Русская дочь английского писателя. Сербские притчи - Ксения Голубович

Немцы
Через много лет в Берлине я увижу одну выставку. Как и всякая отличная выставка, она будет сильна не столько своими работами, но и тем, что удалось показать между работами в их взаимодействии, в сочетании – на монтаже. Это была история живописи Германии между двумя войнами. И там видна «диалектика» «истины» и «лжи» – время перед Первой мировой войной, прекрасные грекоподобные образы в каждой стране, зовущие «на бой». Армии благословляются священниками, они несут взлетающие вверх над толпами знамена и портреты «королей». Послевоенный мир начинается экспрессионизмом. Это голая правда, это ободранные от всякой красоты и страшные лица – лица за лицами, это ужас жизни, который и есть то, что скрывается за красивостью. Налицо подозрение к красивому – как к обману и иллюзии, призвавшим человечество на бойню. Затем идет нарастание фашизма. То есть возвращение «красивых образов», причем с претензией: нельзя так травматично показывать немецкого человека. Немец прекрасен, он – ариец, Зигфрид, побеждающий дракона, а не проигравший и во всем обвиненный преступник истории. И что интересно – ободранные лица, изуродованные лица, которые только лишь совсем недавно были истинными лицами немецких солдат, истинными лицами предательства власти, тоже находят свое пристанище – в мире карикатур. Найденная техника дает показывать в едином «зверином» стиле лица «врагов», лица «дегенератов» и лица «евреев», подлежащих уничтожению. А на немцев снова надевают прекрасные личины, и вместе с прекрасными личинами вновь нарастает пафос войны и победы «нас» надо всеми «ними». А немецкие художники в эмиграции, по большей части леваки, все продолжают рисовать скелетов, натянувших красивые маски и играющих на дудках и флейтах. Красота – это обман. Красота – это милитантность. Красота – это пропаганда. Истина ужасна и страшна. Истина карикатурна и сатирична. Она сама подобна большевикам – главным сатирикам той эпохи, ненавидевшим каждую мелочь «старого мира». И в своей ненависти именно большевики однажды невероятно точно прикоснулись к истине – именно они стали единственной партией, выступавшей против войны в 1914 году. И я тоже переживала это желание – натянуть красивое лицо поверх собственной уязвимости…
Танки и аэропорты
1
Шоссе было темно и пусто. Центральное бульварное кольцо, на котором стоял веселый месяц май. Шоссе казалось нечеловечески широким, а здания, одетые в гранит, формировали высокие берега над ночным потоком темноты и фонарных огней.

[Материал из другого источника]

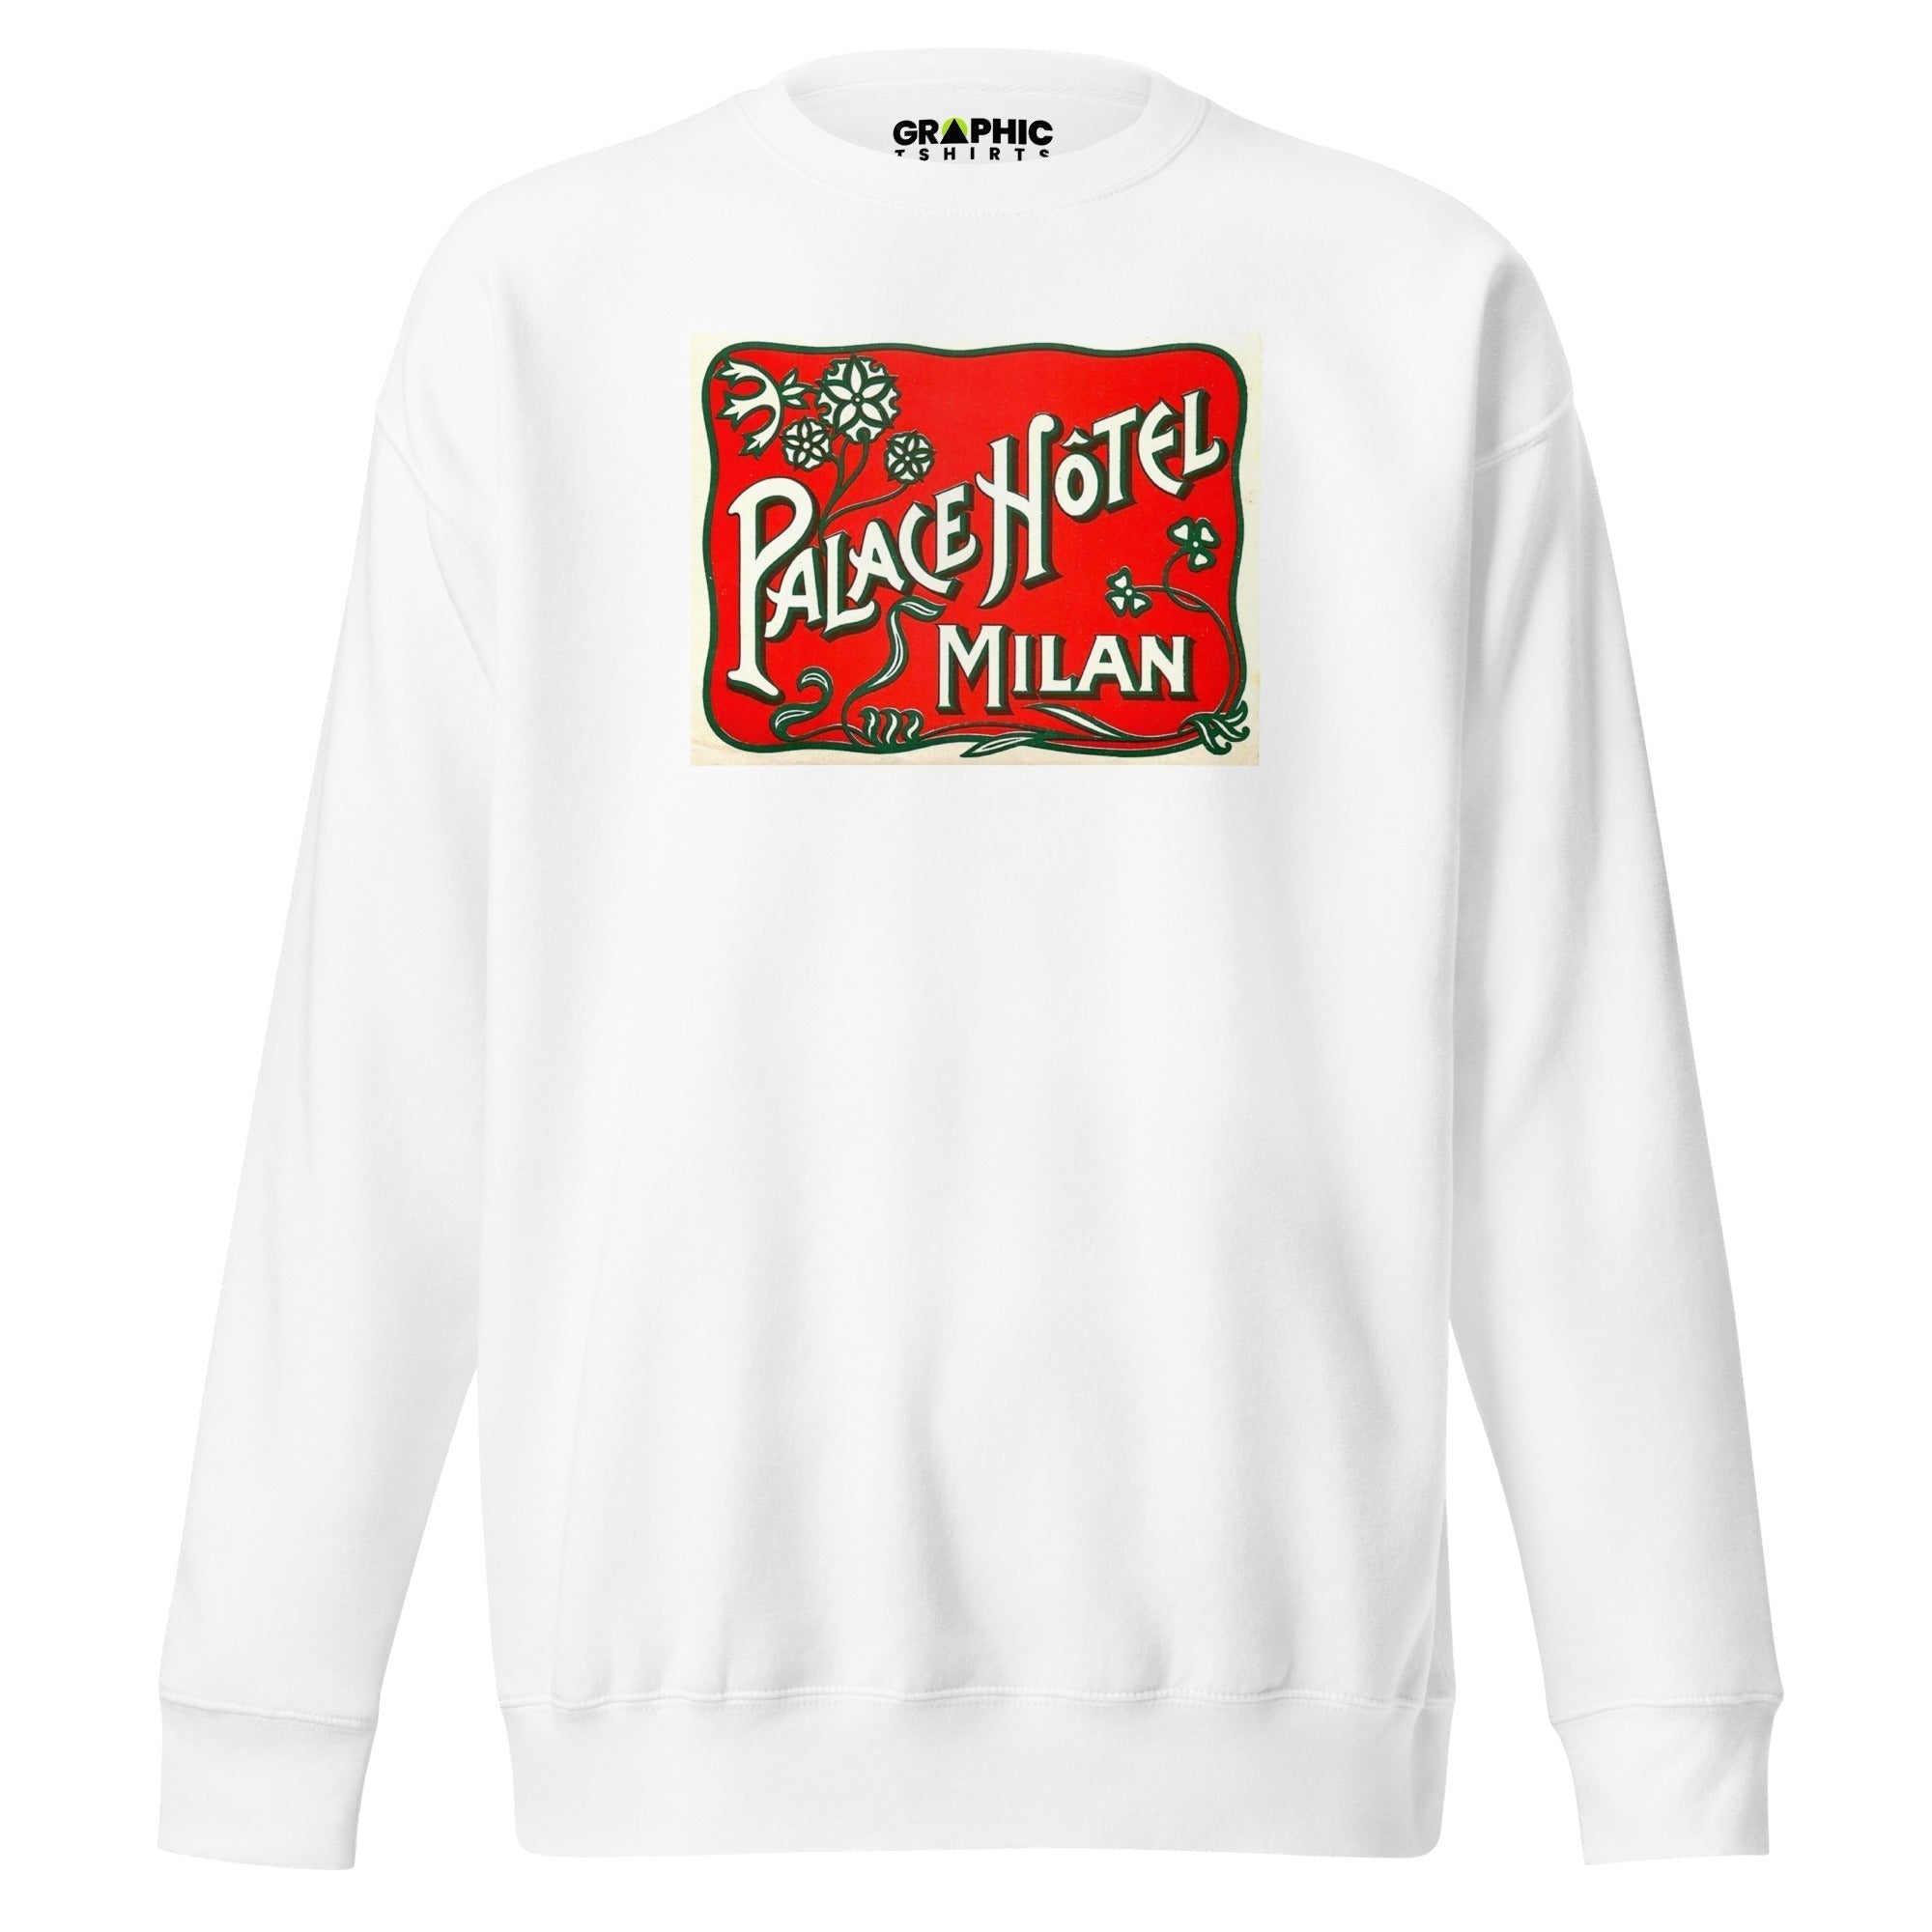 Unisex Premium Sweatshirt - Palace Hotel Milan - GRAPHIC T-SHIRTS

В своих письмах жене Иосиф Сталин радовался новой капитальной реконструкции Москвы, новым и широким проспектам и шоссе, прорезающим старые деревенские районы, прорубающим новые перспективные линии для граждан. Сталин выпихивал Москву из ее прошлого – и, как от всякого пинка, в ней оставались огромные вмятины. Перенаселенные коммунальные квартиры громоздились горами людских жизней и резко контрастировали с огромной театрализованной вселенной общественных пространств, чтобы дать каждому частному гражданину полное понимание скромности его места в истории и величия его работы на общее благо. Труд был одним из главных Смыслов советского времени. В годы, последующие перестройке, новая капиталистическая эра делала свои первые шаги и не выказывала никакого стремления к «общему благосостоянию и труду» – она восславляла довольно жесткую логику: выживает сильнейший. Сталинские улицы, оккупированные множеством частных легковых машин и джипов, внезапно выглядели потерянными, утратившими свою цель и предназначение, последними форпостами ушедшей эпохи. Мне стало грустно. «Кто позаботится о нас?» – подумала я. Мне не хватало кого-то Большого и Самого Сильного, чтобы он заботился обо мне и все взял на себя.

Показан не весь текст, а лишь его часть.